The bus ran late, the sun high, and the morning crisp with dew dancing on the tips of the grass. Even though I was in a dangerous area where people were known to walk up to you and pluck things out of your hands, I began to doze on the bench. I didn’t sleep for long before the bus’s air brakes woke me. The smell of gasoline and exhaust reached my nose, and I coughed as I stood on tired legs and walked to the bus door once it came to a complete stop. I slept through the ride, thankful that the bus driver called out to me when we reached the stop closest to my apartment.
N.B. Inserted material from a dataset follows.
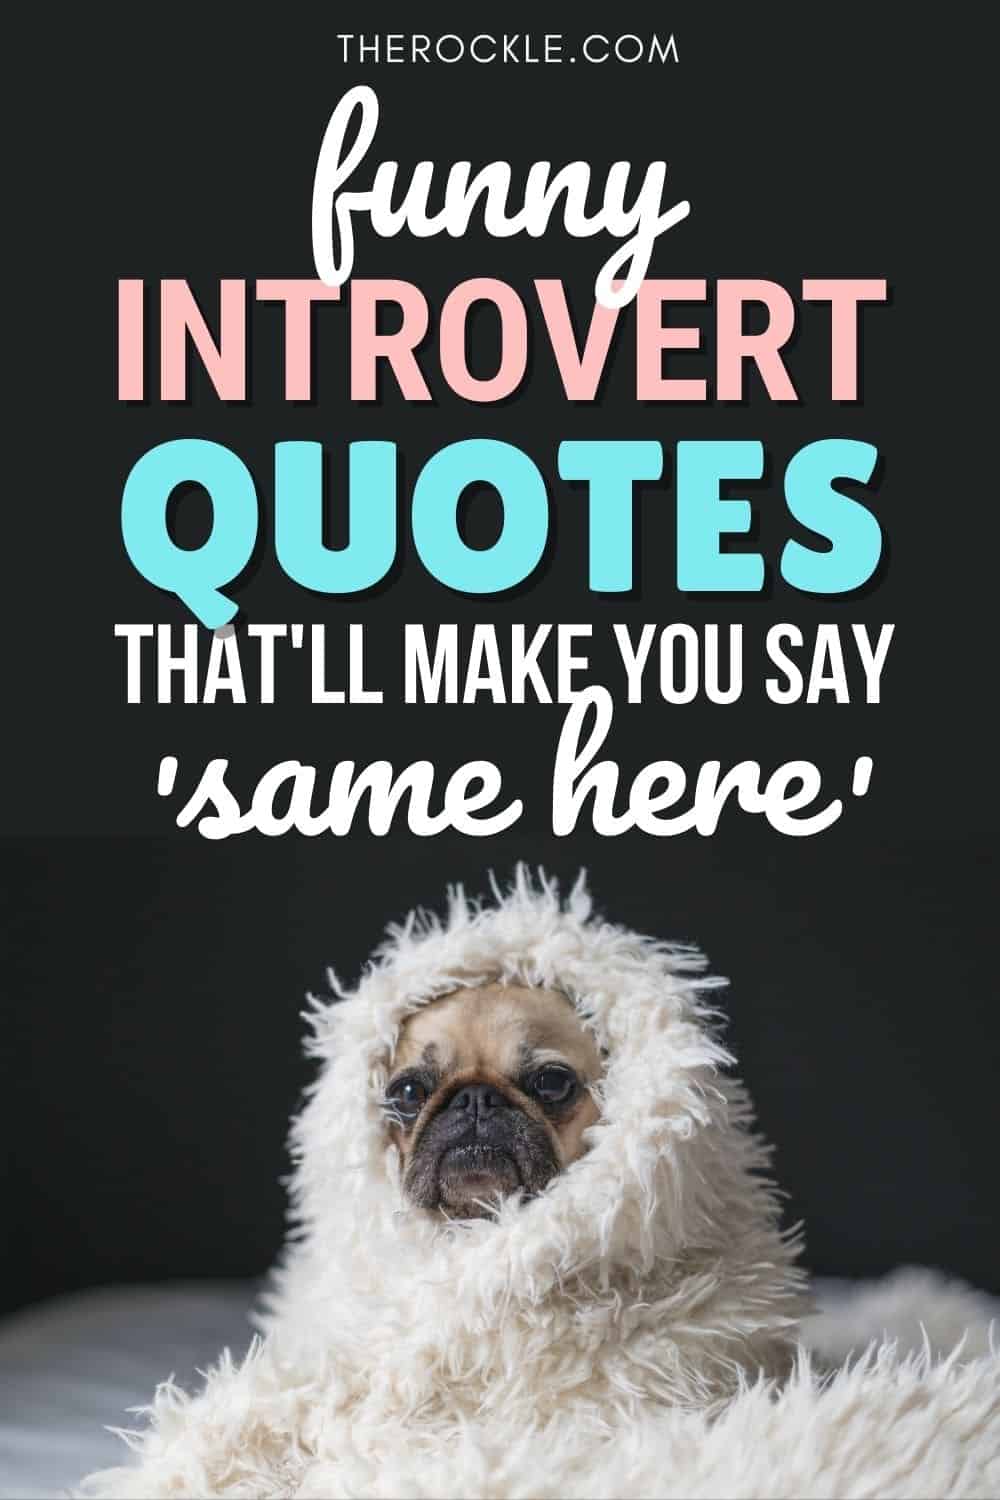 Funny Introvert Quotes That'll Make You Say 'Same Here' | THE ROCKLE

When I finally entered my apartment, Gracie sat at the kitchen table eating a bowl of off-brand Cinnamon Toast Crunch while looking through her calculus book. I grinned, slid my shoes from my aching feet, and tossed my bag onto the couch. I was relieved to be home, even if I would only be there long enough to sleep before it was time to return to work.

“If you’d let me work, we could afford cells, and I wouldn’t have spent the past hour of my life worried you were dead on the side of the road somewhere,” she said without looking up from her book.

A dribble of milk clung to her chin as she licked her finger and turned the page. So grown, yet still a little girl in so many ways.

“As you can see, I’m fine.” I spread my arms at my sides so she could see all of me. “Plus, think of all the cell phones you’ll be able to buy once you’re done with college and making bank.”

I fell onto our dated plaid couch, courtesy of the Goodwill close to work, and sighed. Gracie shook her head, making her dark curls bounce. I was envious of the beautiful rings that framed her face. I wasn’t that lucky. My long dark hair hung limp and dull down my back. Also, I was tall and slim, having lost so much weight over the years.

Meanwhile, she was short and curvy with boobs women paid good money for. I was okay with it, though. I wanted Gracie to have it all.

“You’re obsessed with money,” she accused.